I tripped over a stone, and Ren reached out to steady me. When I was standing firmly again, he slid his hands reluctantly from my waist and offered a hand to me again.

“It was boring mostly. Sometimes the owners were cruel and I was whipped, poked, and prodded. I was lucky, though, because I healed quickly and was smart enough to do the tricks other tigers refused to do. A tiger doesn’t naturally want to jump through a flaming hoop or have a man’s head in his mouth. Tigers hate fire, so the tiger has to be taught to fear the trainer more than he fears the flame.”

“It sounds awful!”

“Circuses back then were. The animals were placed in cages much too small. Natural familial relationships were broken, and the babies were sold. In the early days, the food was bad, the cages were filthy, and the animals were beaten. They were trekked from city to city and left outdoors in places and climates they were not accustomed to. They didn’t survive very long.”

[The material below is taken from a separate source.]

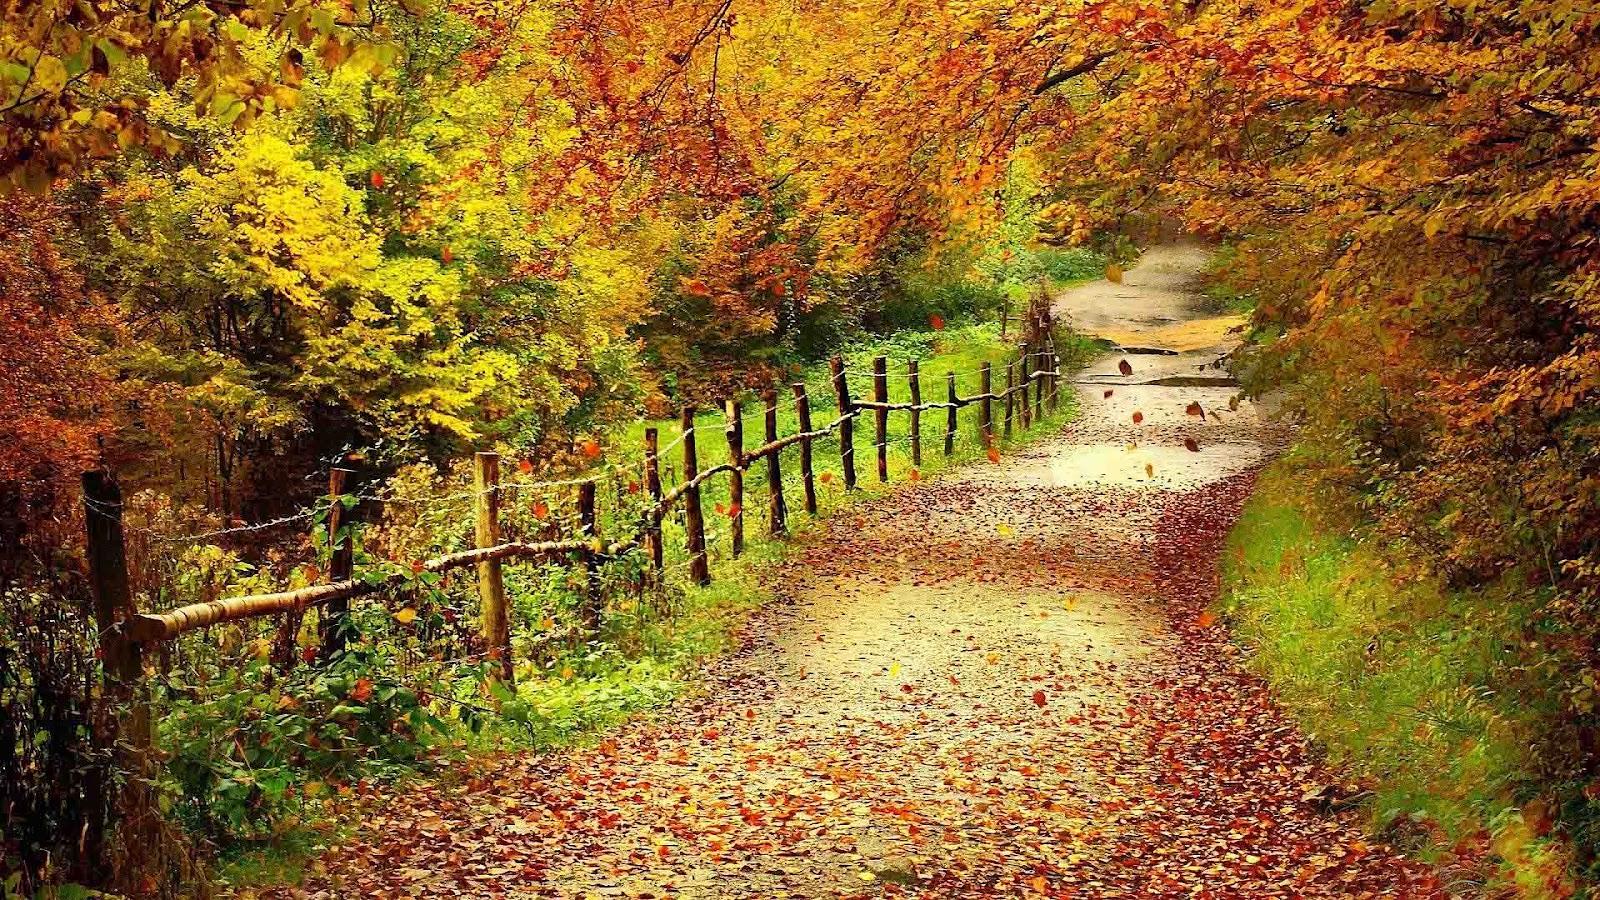 http://4.bp.blogspot.com/-6I8tnq2NzGw/UEXKhsDYMqI/AAAAAAAAGBg/mFOJ9pPN_Gg/s1600/hd-herfst-achtergrond-met-veel-bomen-met-herfstbladeren-wallpaper-foto.jpg

Thoughtfully, he went on, “Now, though, there’s more study and effort to prolong the lives of the animals and better their quality of life. But, captivity is still captivity no matter how pretty the jail is.

“Being caged made me think long and hard about my relationships with other creatures, especially the elephants and horses. My father had thousands of elephants that were trained for battle or heavy lifting, and I had a favorite stallion once that I loved to ride. As I sat there in my cage day after day, I wondered if he felt like I did. I imagined him sitting in his stall, bored, just waiting for me hour after hour to come and let him out.”

Ren squeezed my hand and changed back into a tiger again.